- _Try it_: In the data below, the copy begins at the line containing "50th, 80th and" and runs through the last line; repeat those lines exactly, minus the pictures.
─── Information provided
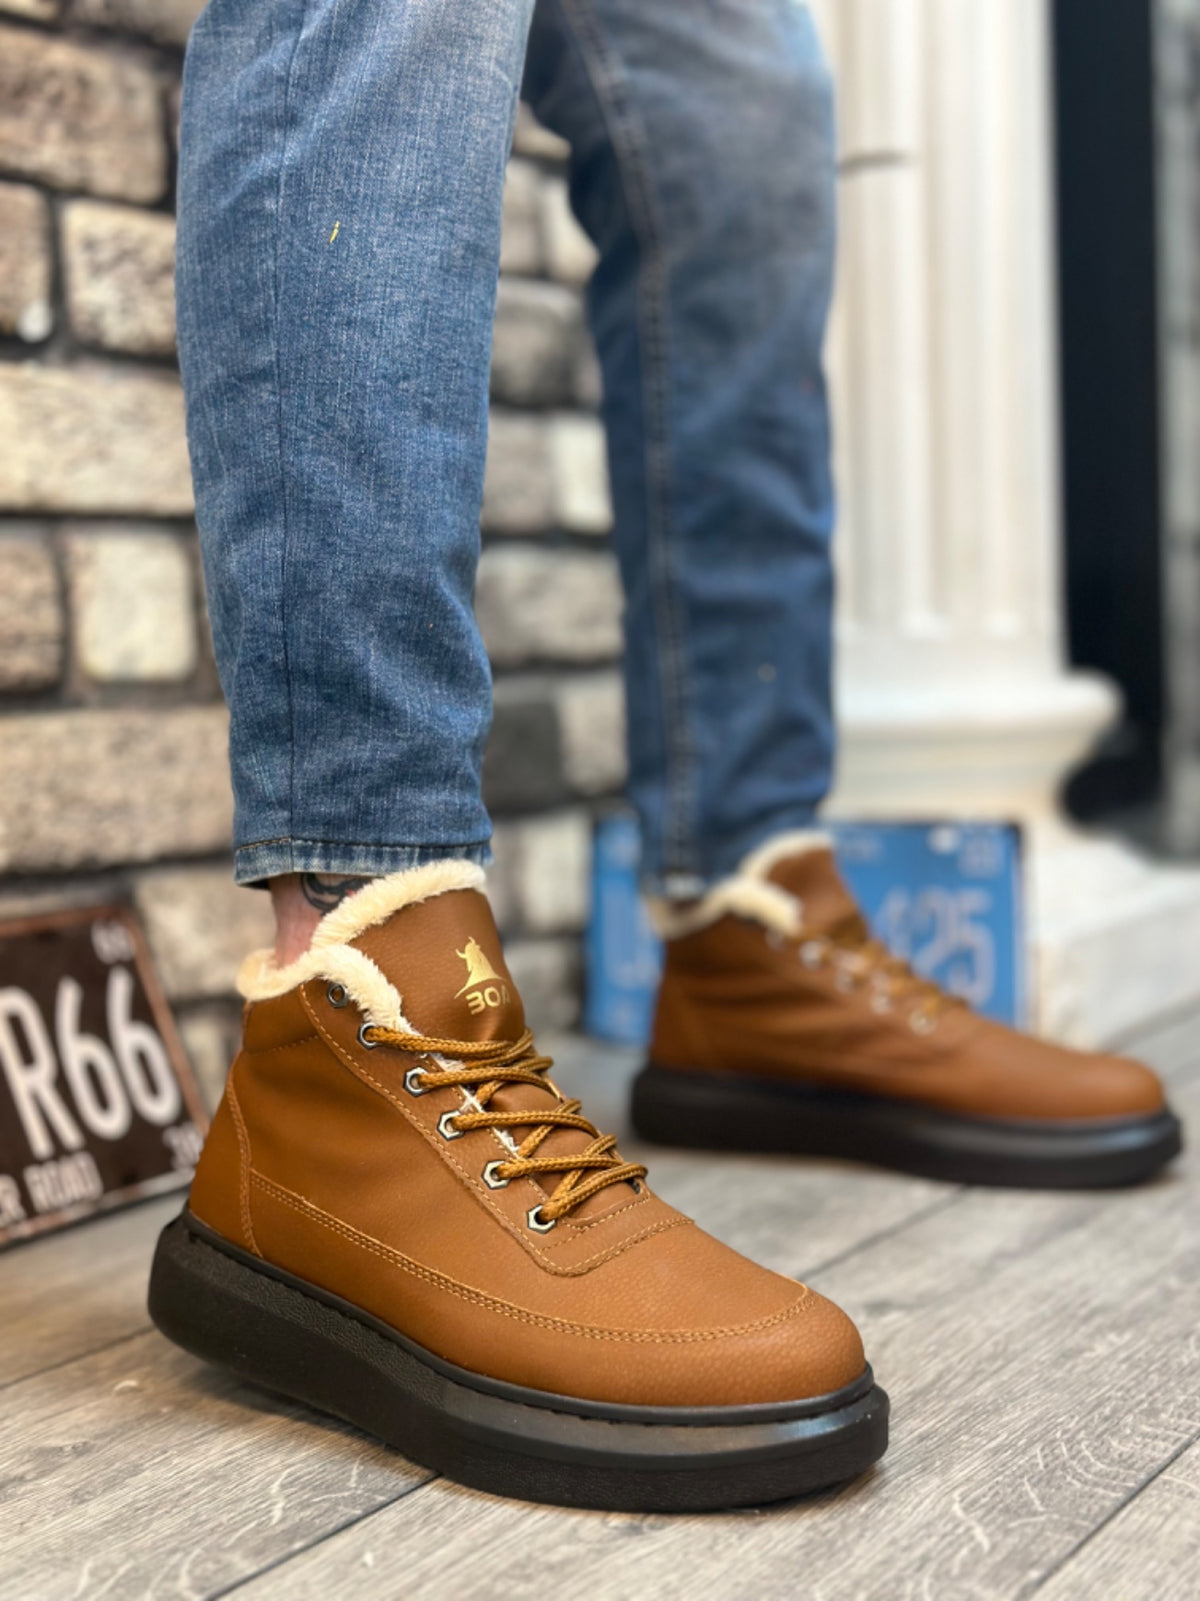 BA0151 Light Brown Men's Style Sports Boots with Fur Inside and Laces - STREETMODE™
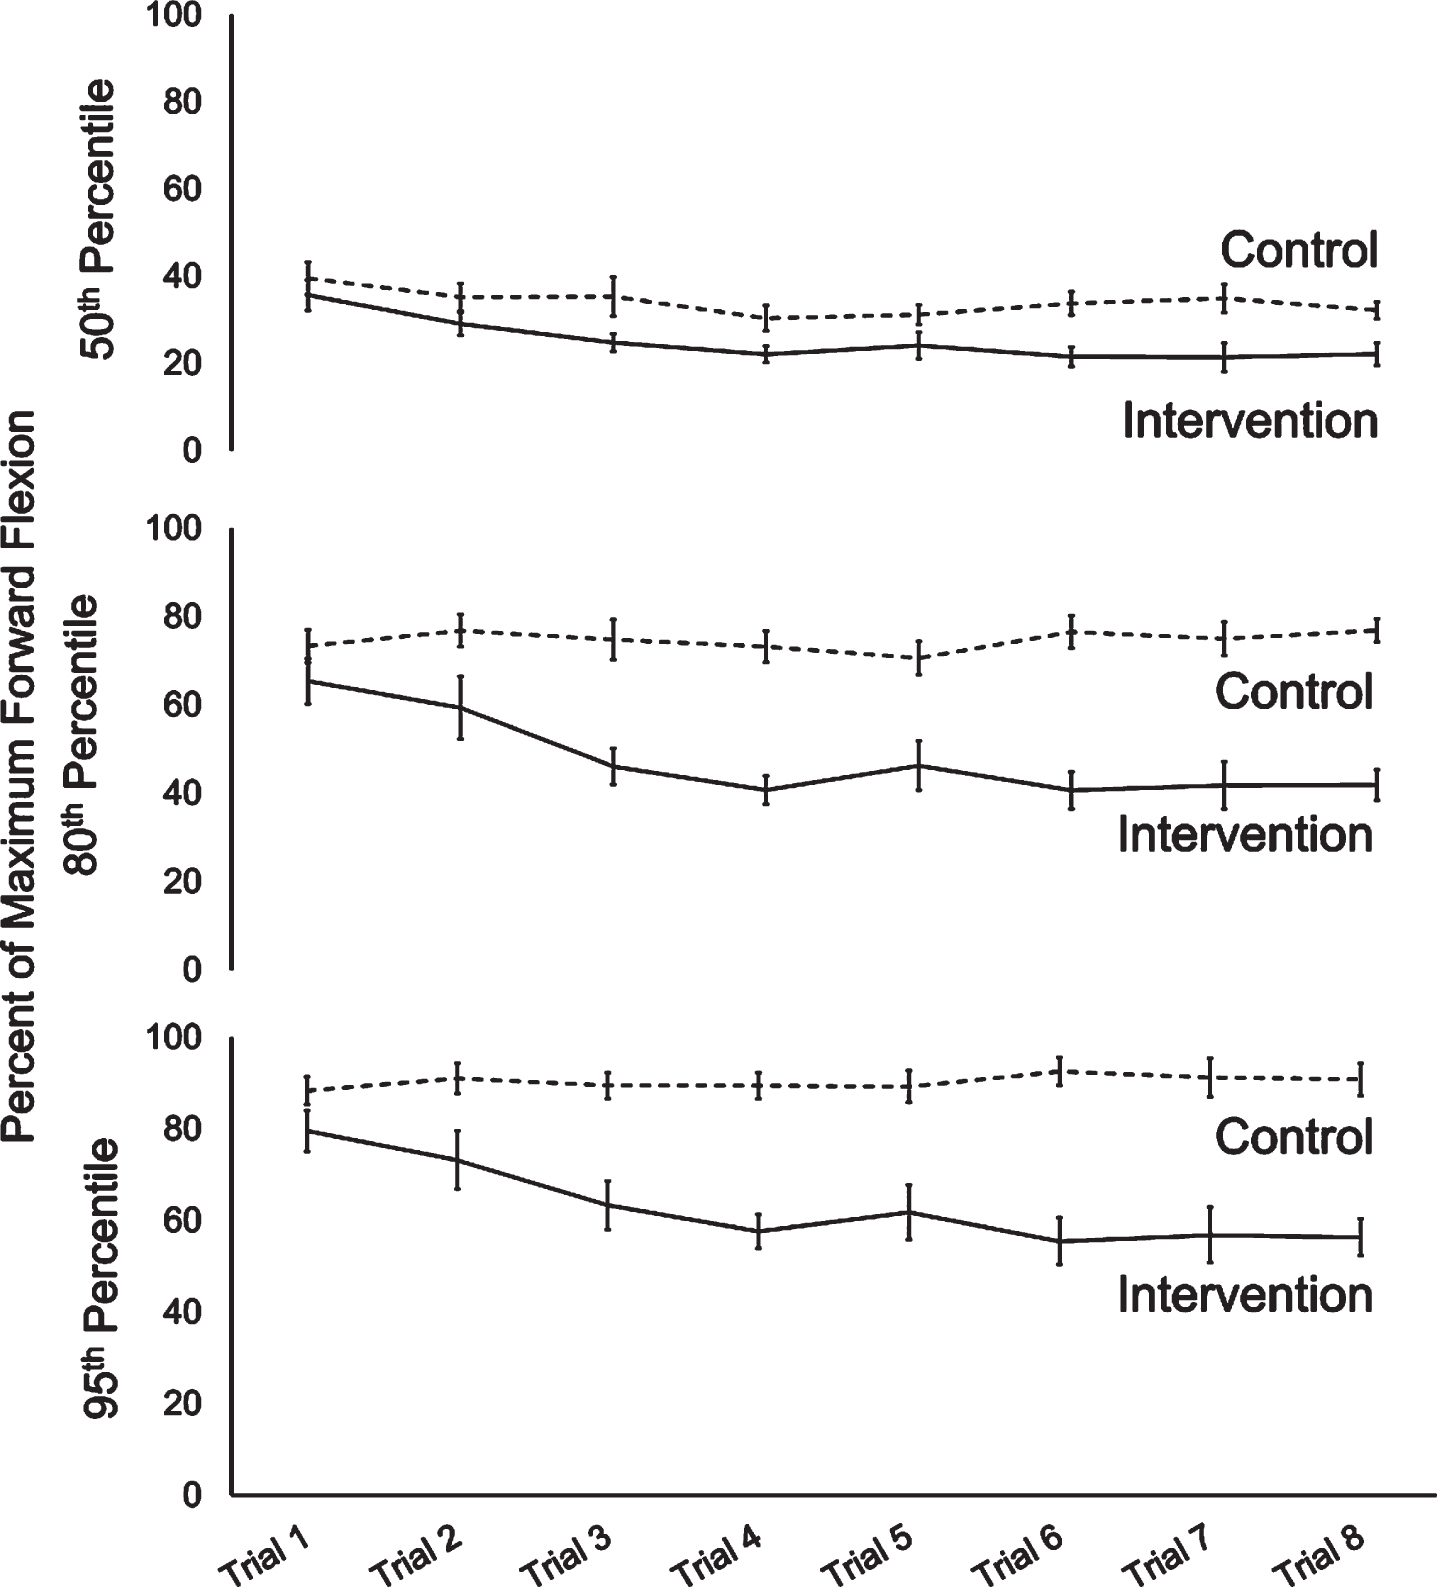 50th, 80th and 95th percentile of forward flexion/maximum flexion across trials in intervention and control groups. Error bars show standard error.
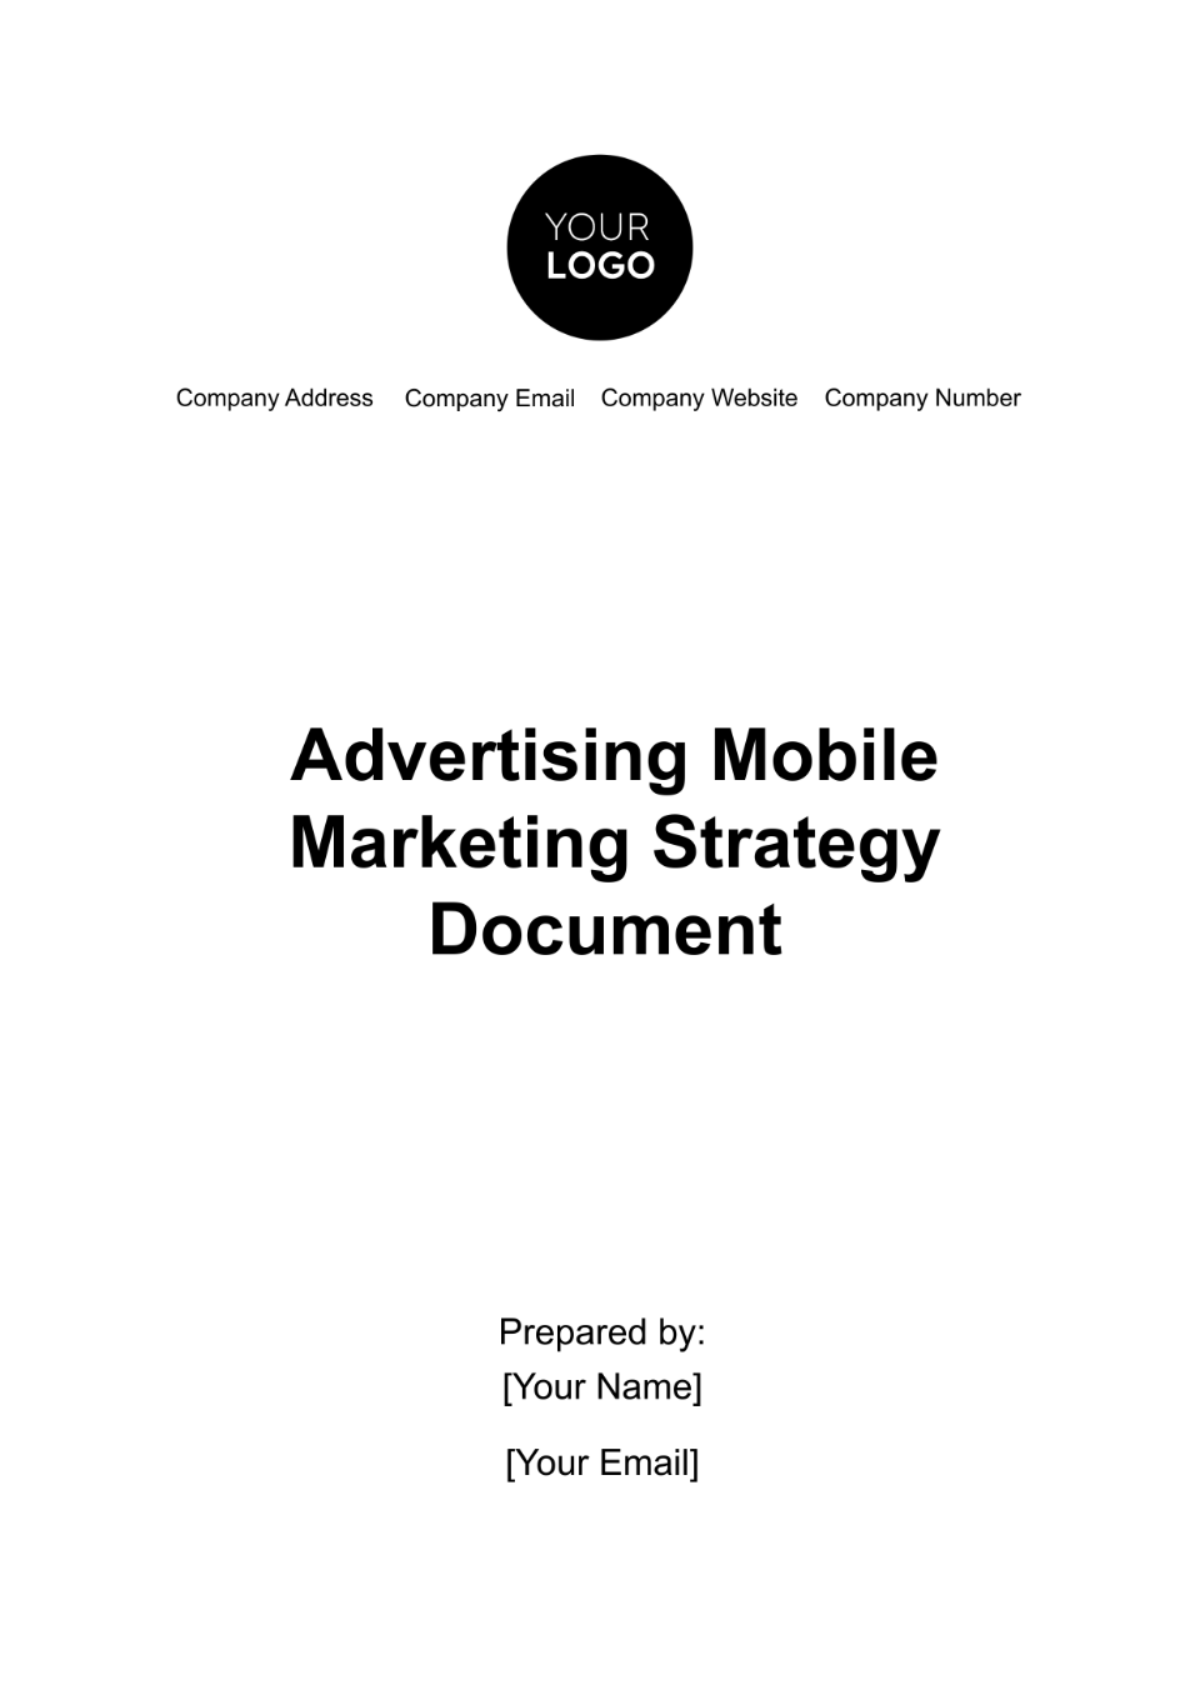 Advertising Mobile Marketing Strategy Document
──────
- _Exercise answer_:
 50th, 80th and 95th percentile of forward flexion/maximum flexion across trials in intervention and control groups. Error bars show standard error.
 Advertising Mobile Marketing Strategy Document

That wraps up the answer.